Christie sings it with his usual gusto, and his whole demeanor is not one of struggle but ease, as if this whole thing isn’t real but some sort of folk tale, where the narrator and Maria are reunited and the bad guy has no one but himself to blame for what happened.  There’s no anguish in the narrator’s story, it is as if he has realized that this is his destiny, and he is just doing what he has to do.  He doesn’t think; he acts.  The whole story could take place, from start to finish, over two or three days; the narrator doesn’t sound like the brooding type, and you kind of wonder where the police are in this town to arrest and then hang the culprit himself.  The police, who are so feared and dreaded in the first song, simply don’t exist in this town, it seems; and so the narrator has to do the dirty work himself. 
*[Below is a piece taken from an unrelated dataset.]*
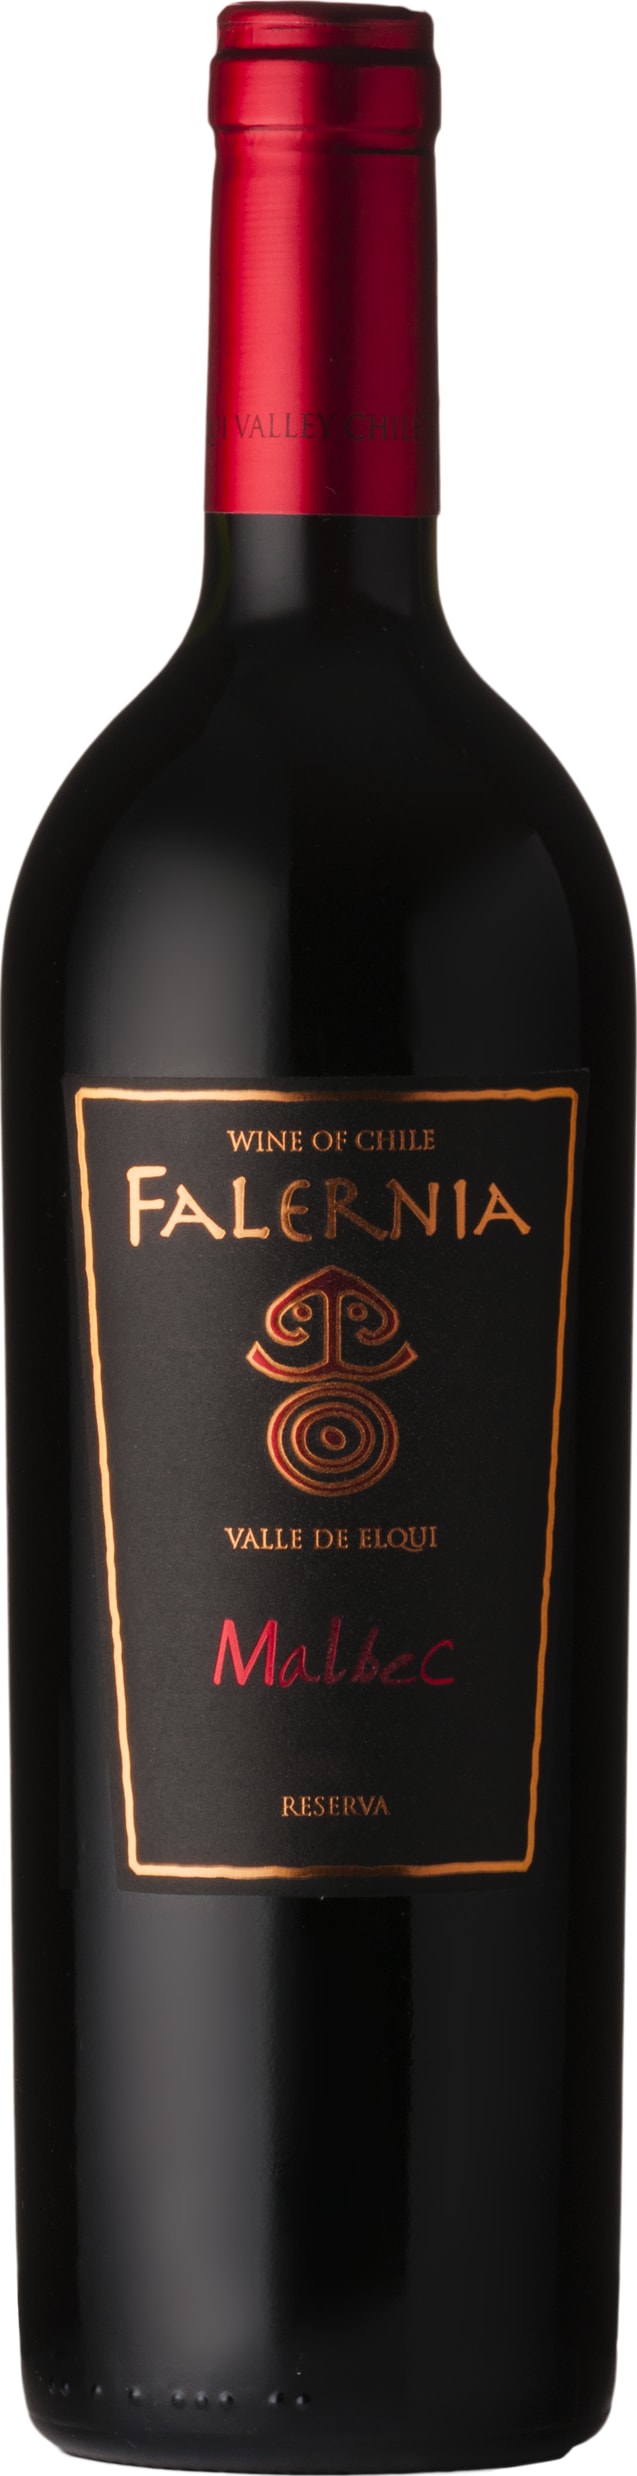 Vina Falernia Malbec Gran Reserva 2020 75cl - Buy Vina Falernia Wines from GREAT WINES DIRECT wine shop

He doesn’t seem to mind; as he walks to his death he has no one to talk to (unlike the narrator in “I’ve Gotta Get A Message To You”) – the slate is clean, his conscience is clear, there’s nothing more to be done than finish the equation.  He doesn’t imagine anyone mourning him, missing him, even noticing his actions.  He simply says he did what he did for Maria, which is noble on one hand and sad on the other.  Is there no one else in his life who cares about him?  Was there no one else in town, even?  This whole song has the weird effect of an episode of The Prisoner, the one set in a western town where nothing is as real as it seems***.  It is hard to believe the simplicity and flat quality of the song, especially since Maria herself is not described in the least, beyond her name.  Vengeance is the thing, the only thing, and again I have to wonder at why this is all taking place, and just who the murderer is; but everything is boiled down to the basics here, so simple as to dampen and dull any real interest.
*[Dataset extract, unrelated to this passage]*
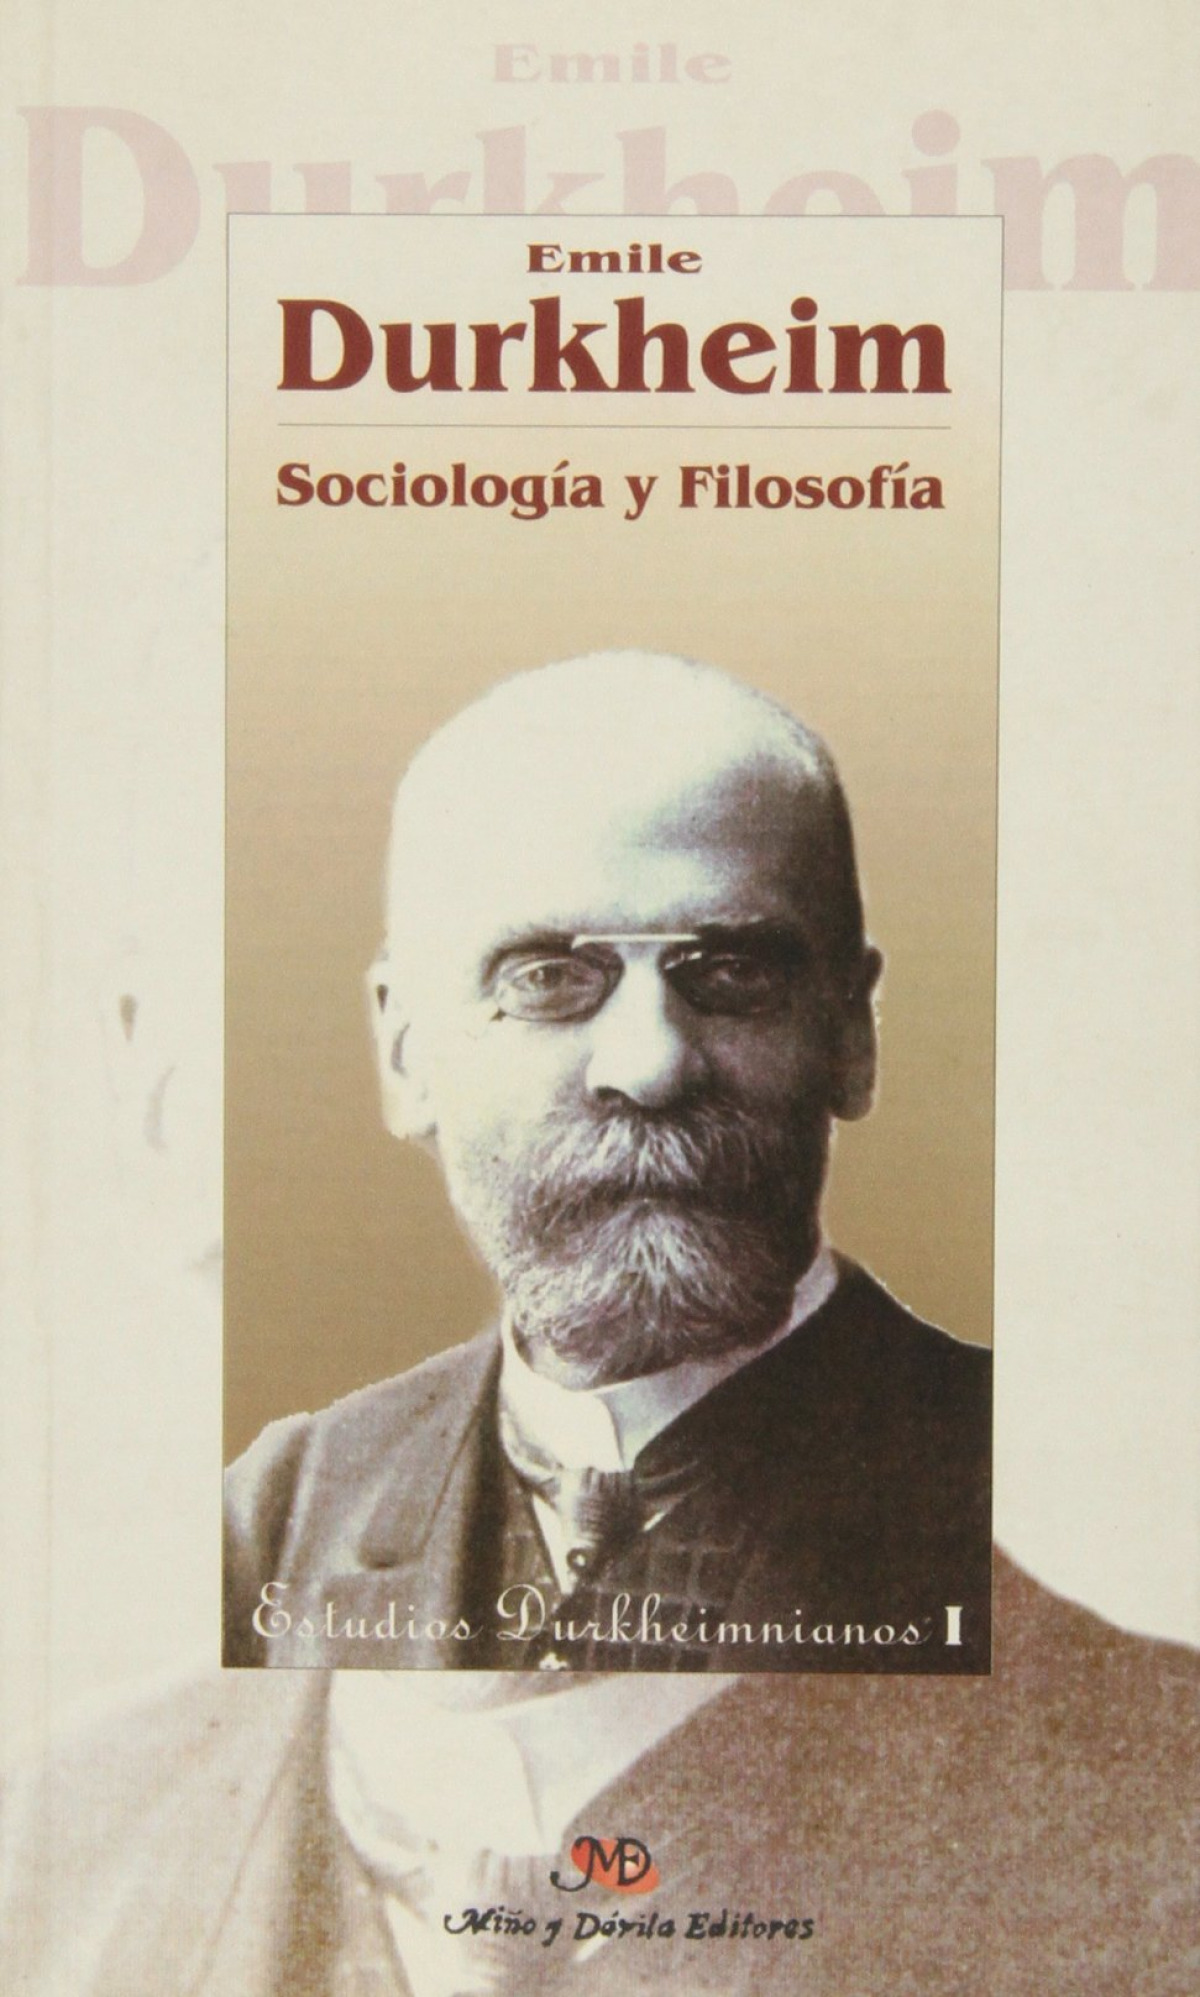 Sociologia y filosofia - Durkheim, Emile

Next up:   no deaths, mercifully, but what on earth is going on?        

*The narrator of “Delilah” doesn’t run away, he’s too upset and maybe crazy to do so.
**Taylor was inspired to write this after seeing Bonnie & Clyde; perhaps the fact that he’s on the run from The Man is the most important thing here.  Taylor is Canadian, which adds a thin layer here of sheer survivalism, as if he's been a Worried Man for some time now (pace Greil Marcus on The Band).        

***If you haven't seen "Do Not Forsake Me, Oh My Darling", it works perfectly well by itself; though seen in context it's even better.

5 comments:

Marcello Carlin said...

I think “Living In Harmony” is the episode you meant.

A few other thoughts; did R Dean Taylor ever record a song where he was happy? He is always alone; on “Gotta See Jane” he is running to someone (or somewhere, or something; see “Along Comes Mary” etc.), on “There’s A Ghost In My House” (from ’67, but a UK top three hit at the time of Watergate) he imprisons himself in his own paranoia.

A stray thought I just had: if we take “Maria” in the greater sense (“Say it soft and it’s almost like praying”) is this song a religious parable?

Mark G said...

Of course, Tom Jones got into the action (blokeish aggression? He's your go-to dude!) with "Letter to Lucille", where he's in prison in year three of a ten-stretch sneering at all the 'innocent men' due for release (at the same time begging for one of them to be postie) proud to be "guilty" (but of what? nothing says..)

Lena said...

Thanks, the unreality of both of them applies, I think!

"Letter to Lucille" sounds a lot better than some of the songs on his 'best of' compilations...as for guilt, it's always loving too much with Tom, I think...

MikeMCSG said...

Some good linkage there Lena - we're only a few months away from "Dirty Harry" ( released on my 7th birthday).

Sir Wotalot I Gotalot said...

As I understand it, R Dean Taylor's fugitive in "Indiana Wants Me" does indeed die, as suggested by the volleys of gunfire crackling out as the record fades. The tension had been building, the desperation of the wanted man was palpable, and he was firmly resigned to his fate as the cops closed in. Surrender was not an option - he dies.